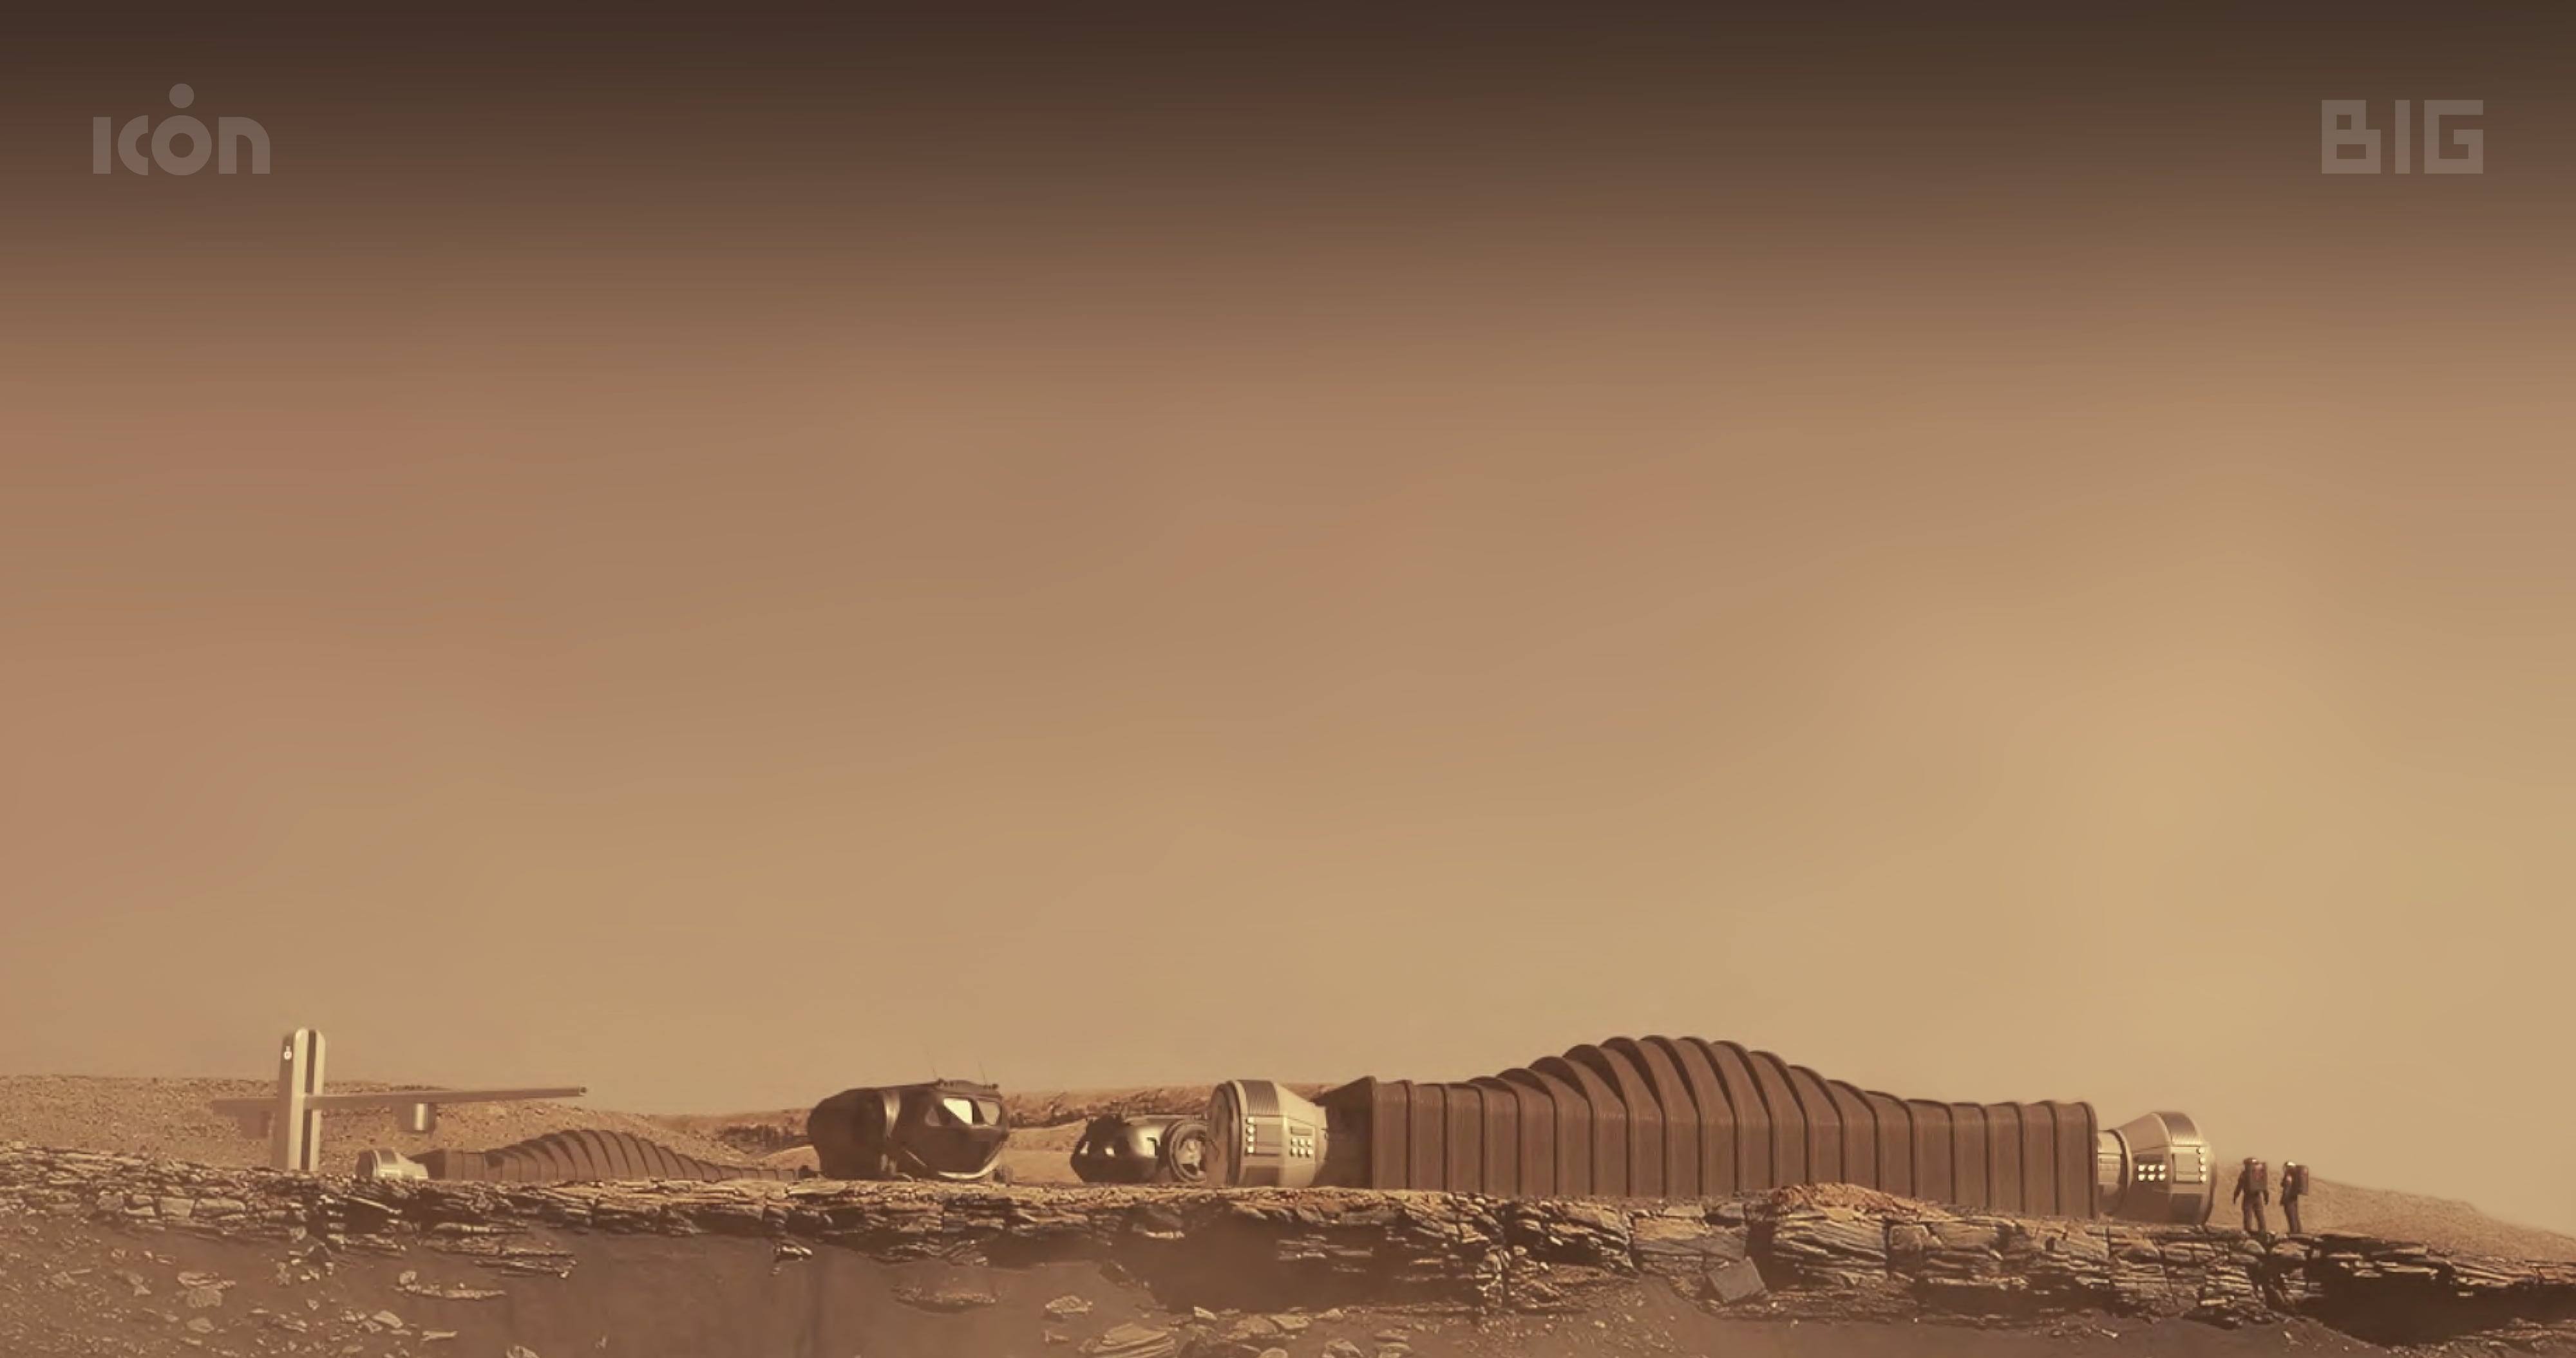 Proyecto de una colonia espacial a futuro en Marte (Gentileza Icon)
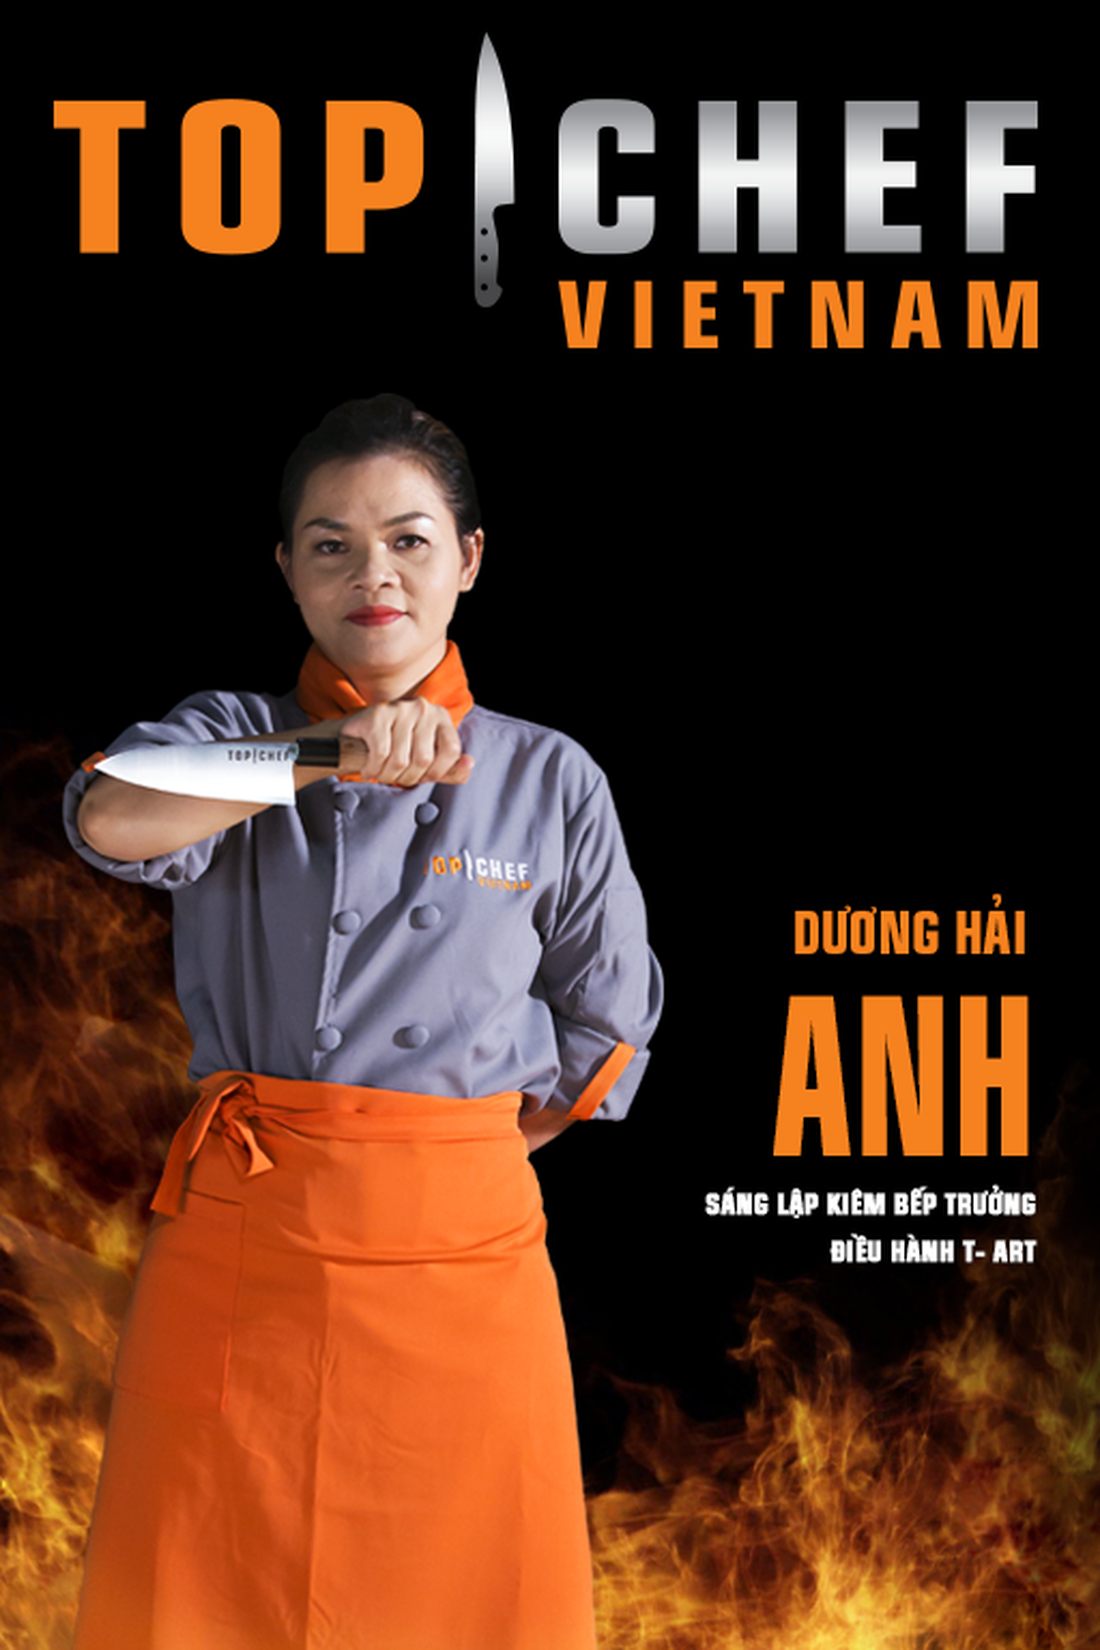 Lộ diện top 14 Đầu bếp thượng đỉnh - Top chef Vietnam 2019 - Ảnh 6.
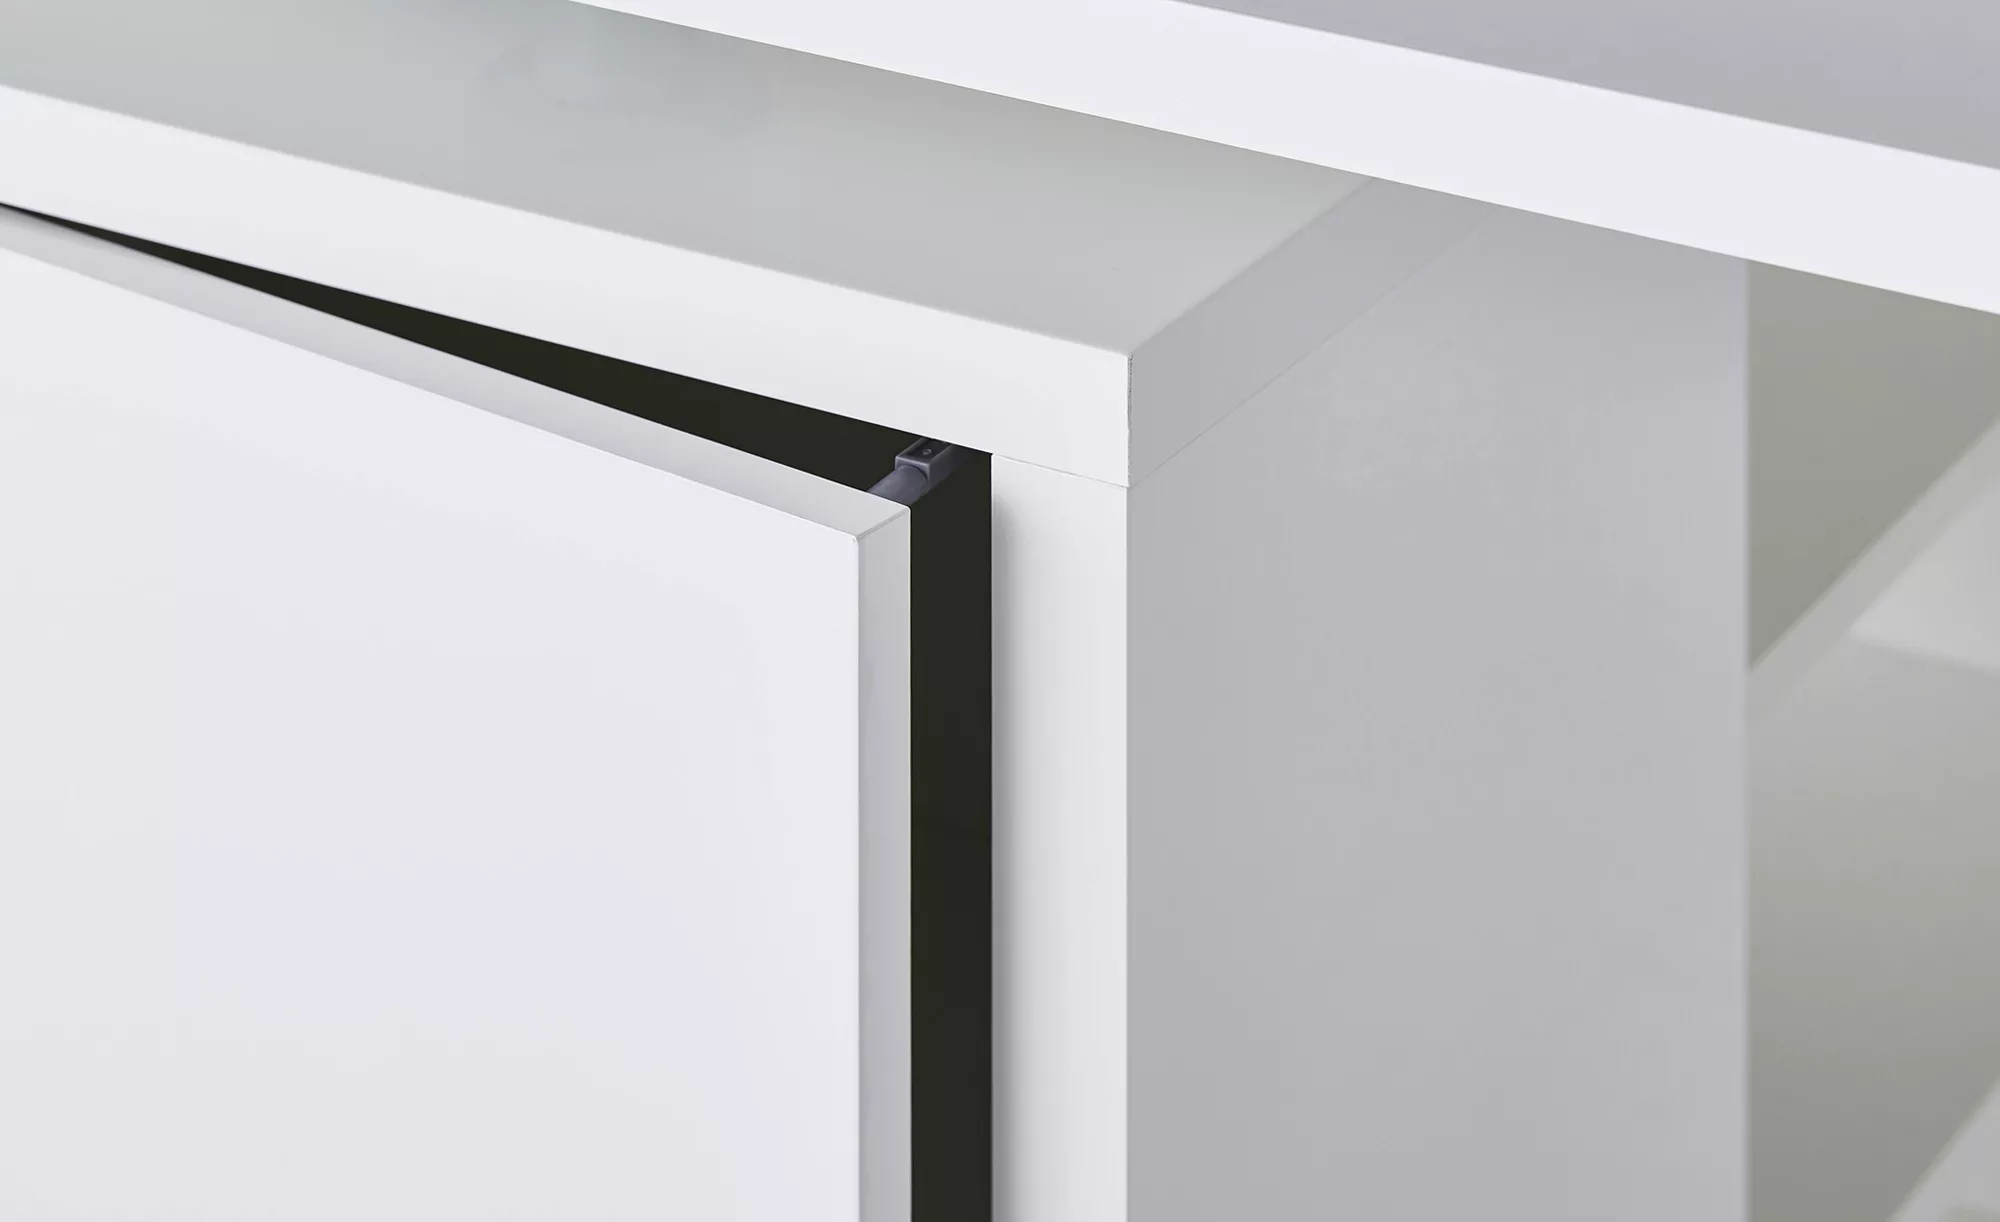 Schreibtisch  Chiemsee - weiß - 140 cm - 74 cm - 69 cm - Sconto günstig online kaufen

Required work. Your task is to repeat only the lines from the line containing "Lộ diện top" through the final line of the material, inclusive; do not include pictures.

Written answer.
 Lộ diện top 14 Đầu bếp thượng đỉnh - Top chef Vietnam 2019 - Ảnh 6.
 Schreibtisch  Chiemsee - weiß - 140 cm - 74 cm - 69 cm - Sconto günstig online kaufen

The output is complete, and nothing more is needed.